#### About this task:
Every line of the material is to be transcribed verbatim, with images omitted.

#### Data provided:
Start of Block

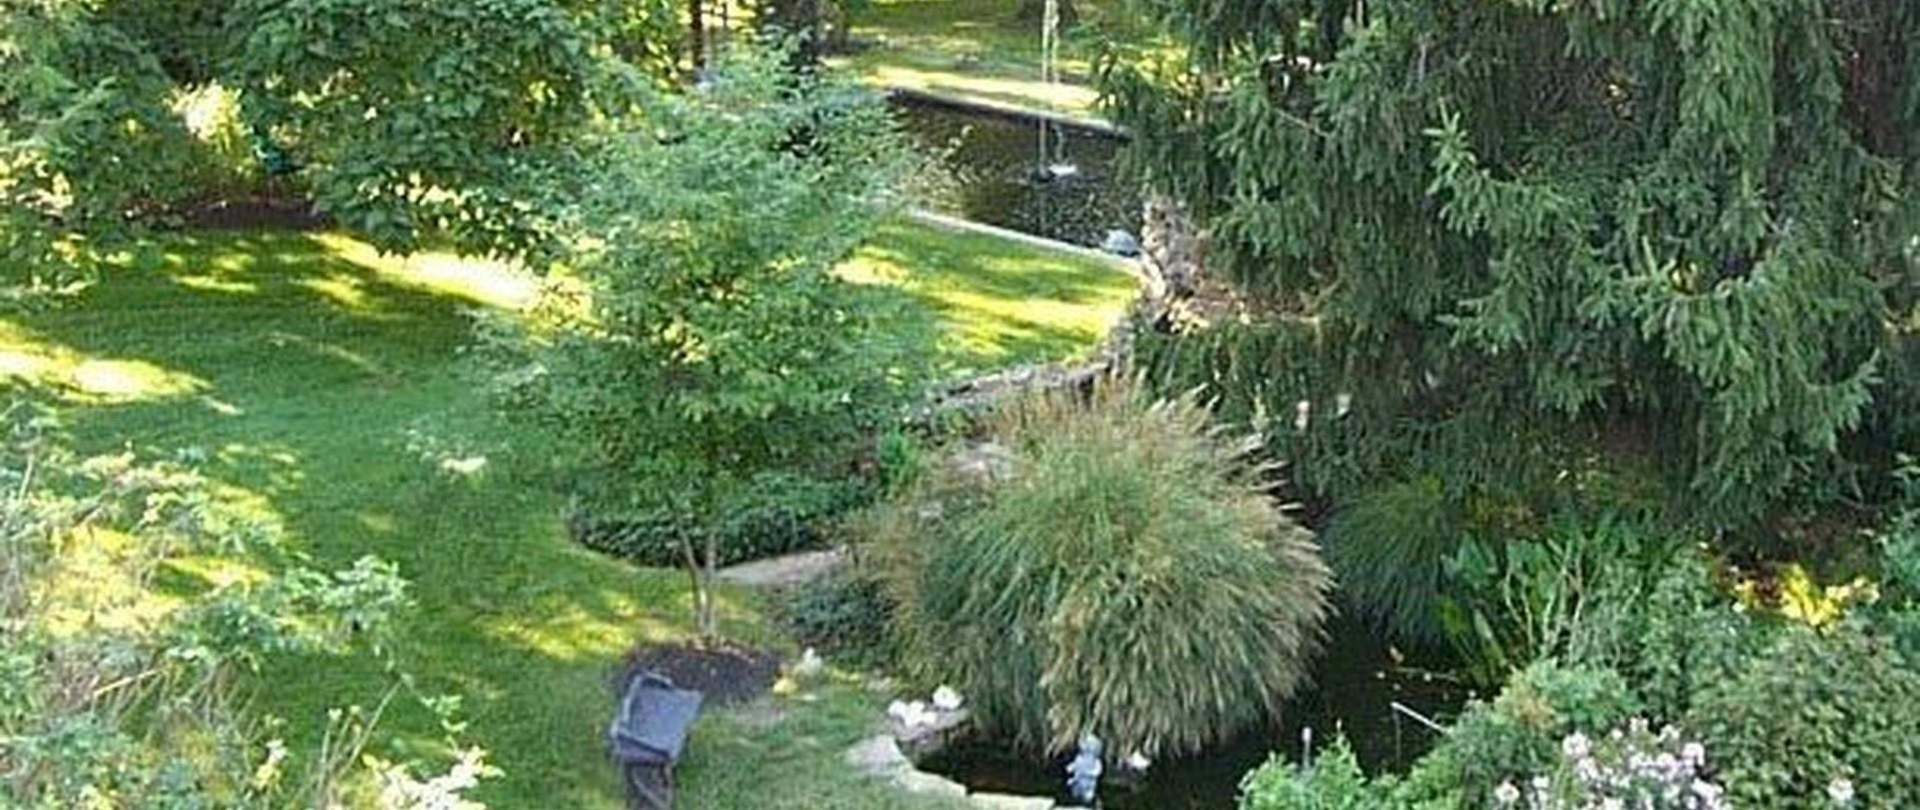 ponds.jpg.1920x810_0_494_31321.jpeg
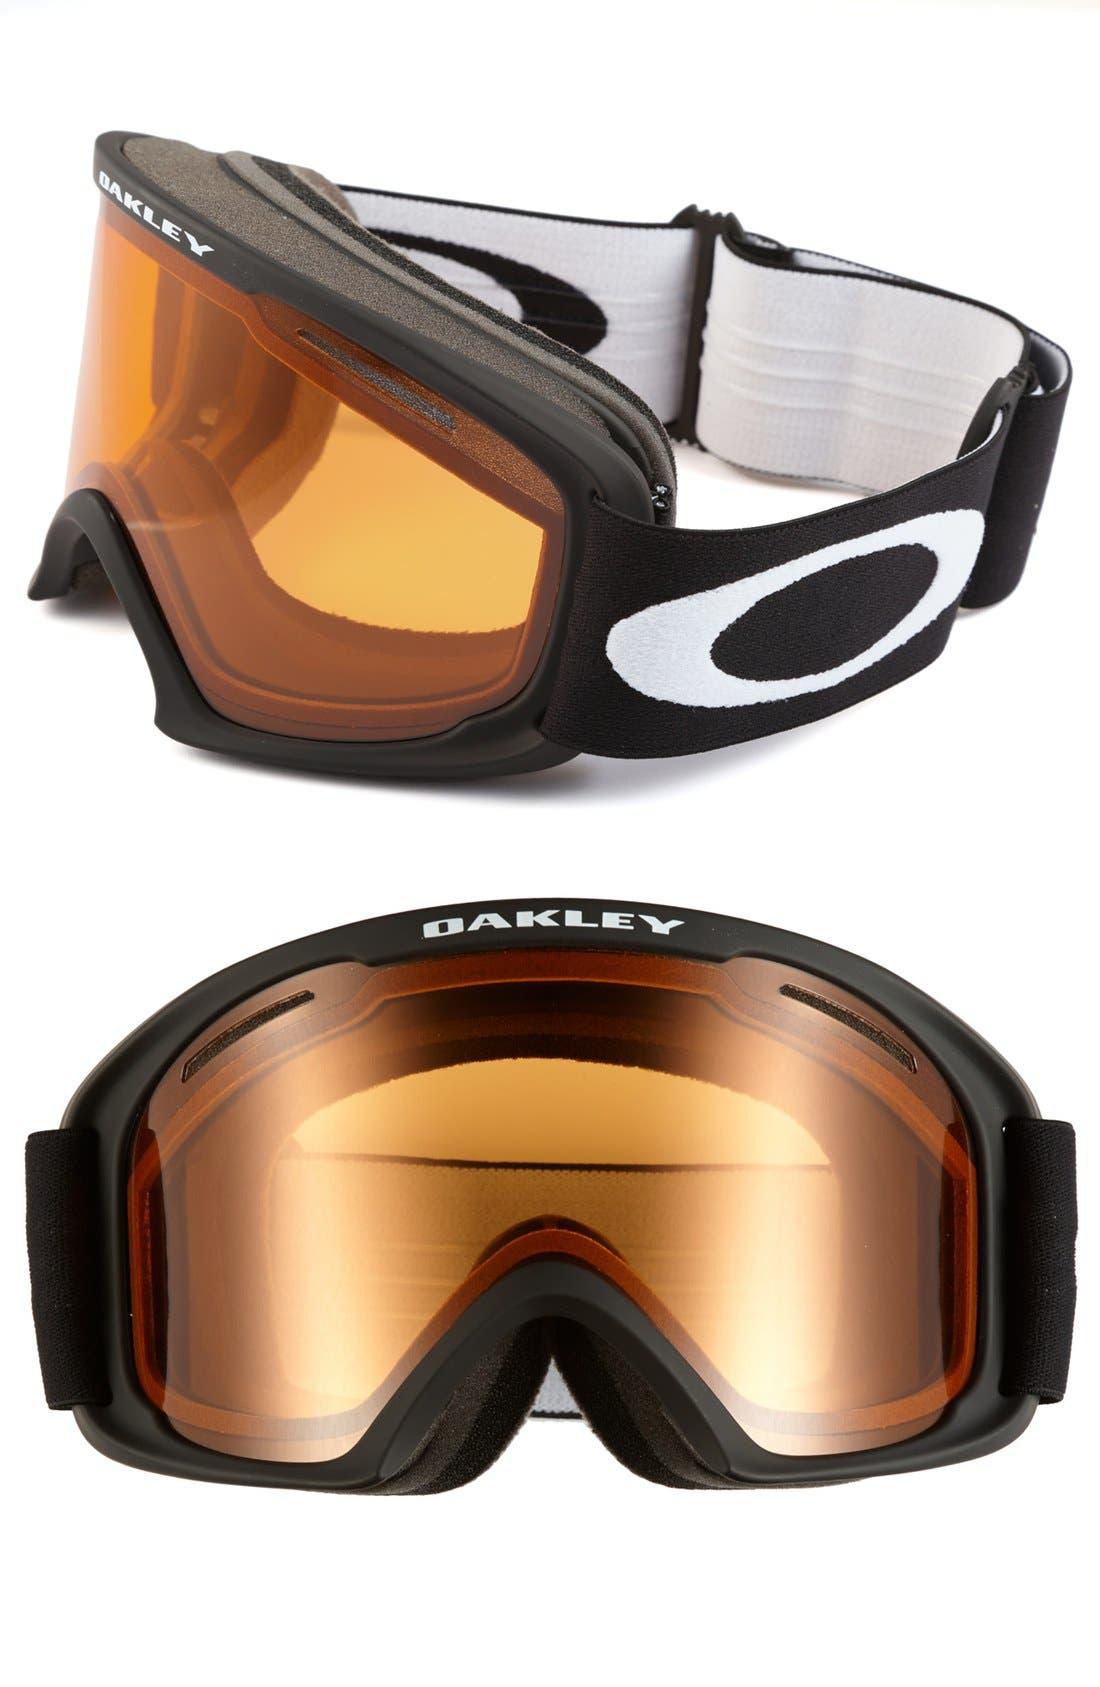 Main Image - Oakley 'O2 XL' Snow Goggles (Youth)
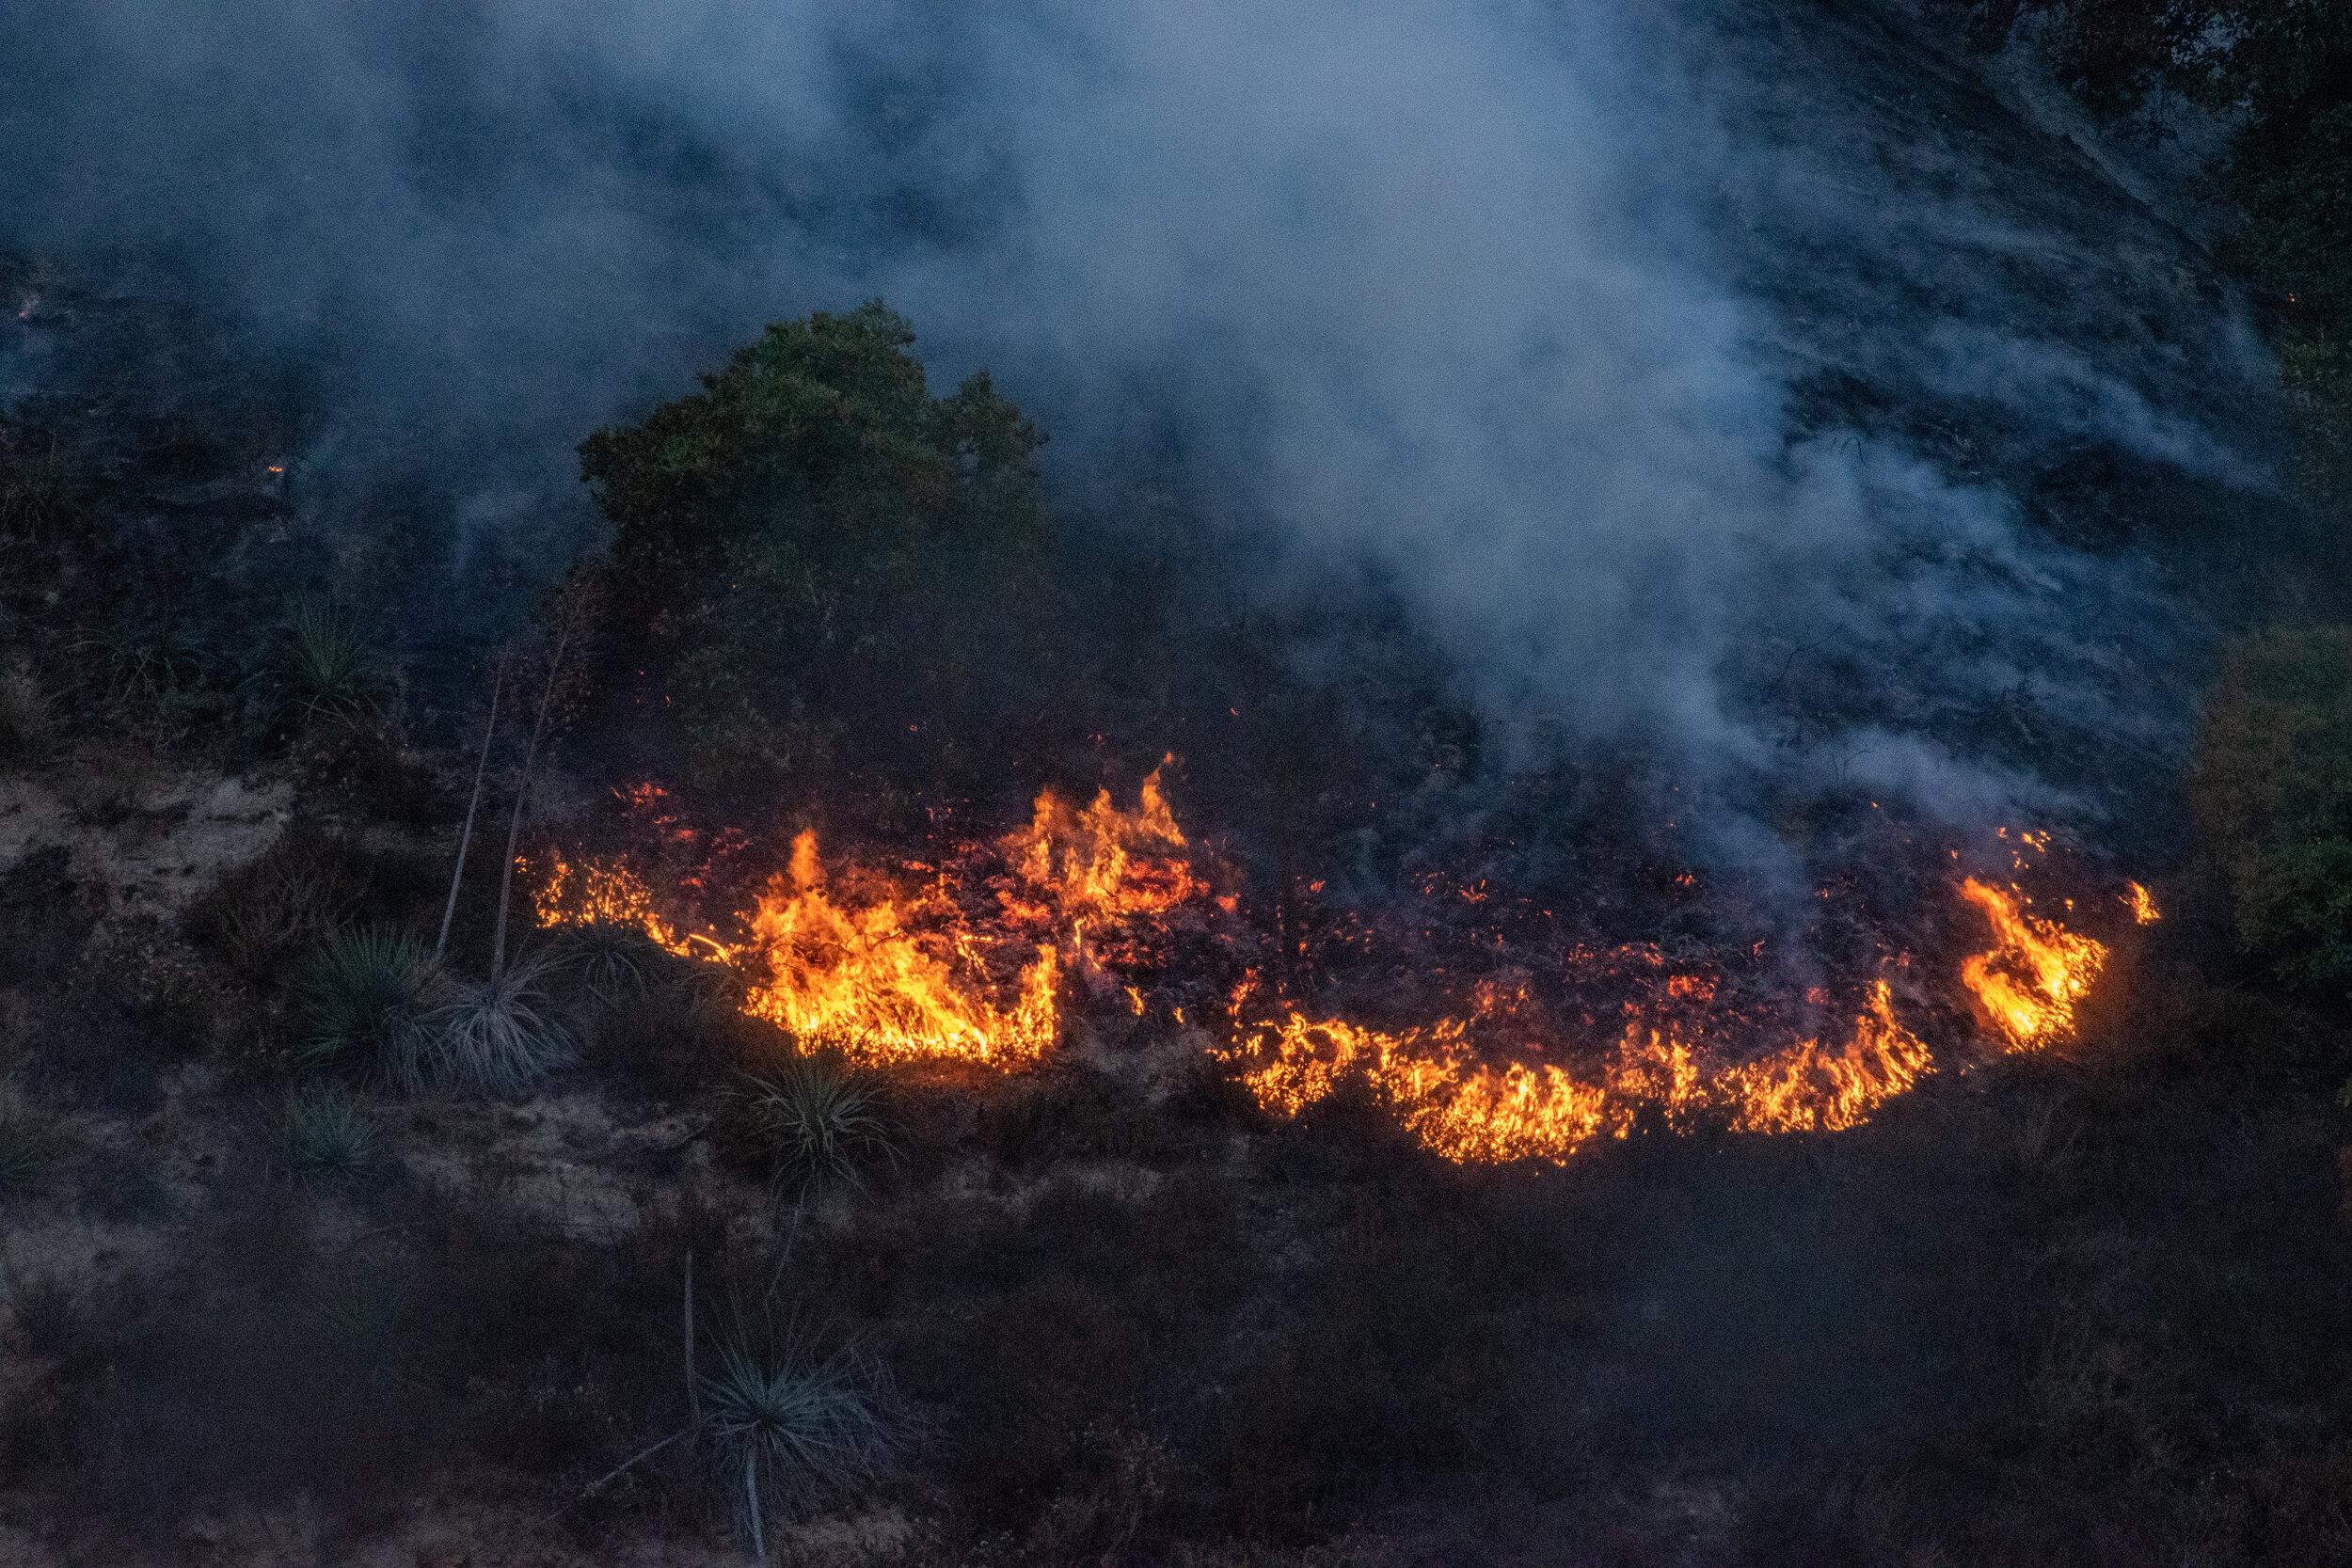 A hillside fire blazes beside the South I-5 freeway just north of Sylmar, Calif. on Friday, Oct. 11, 2019 as the Saddleridge Fire burns through the San Fernando Valley. (Randy Martinez/The Corsair)

End of Block

#### Output of the exercise:
 ponds.jpg.1920x810_0_494_31321.jpeg
 Main Image - Oakley 'O2 XL' Snow Goggles (Youth)
 A hillside fire blazes beside the South I-5 freeway just north of Sylmar, Calif. on Friday, Oct. 11, 2019 as the Saddleridge Fire burns through the San Fernando Valley. (Randy Martinez/The Corsair)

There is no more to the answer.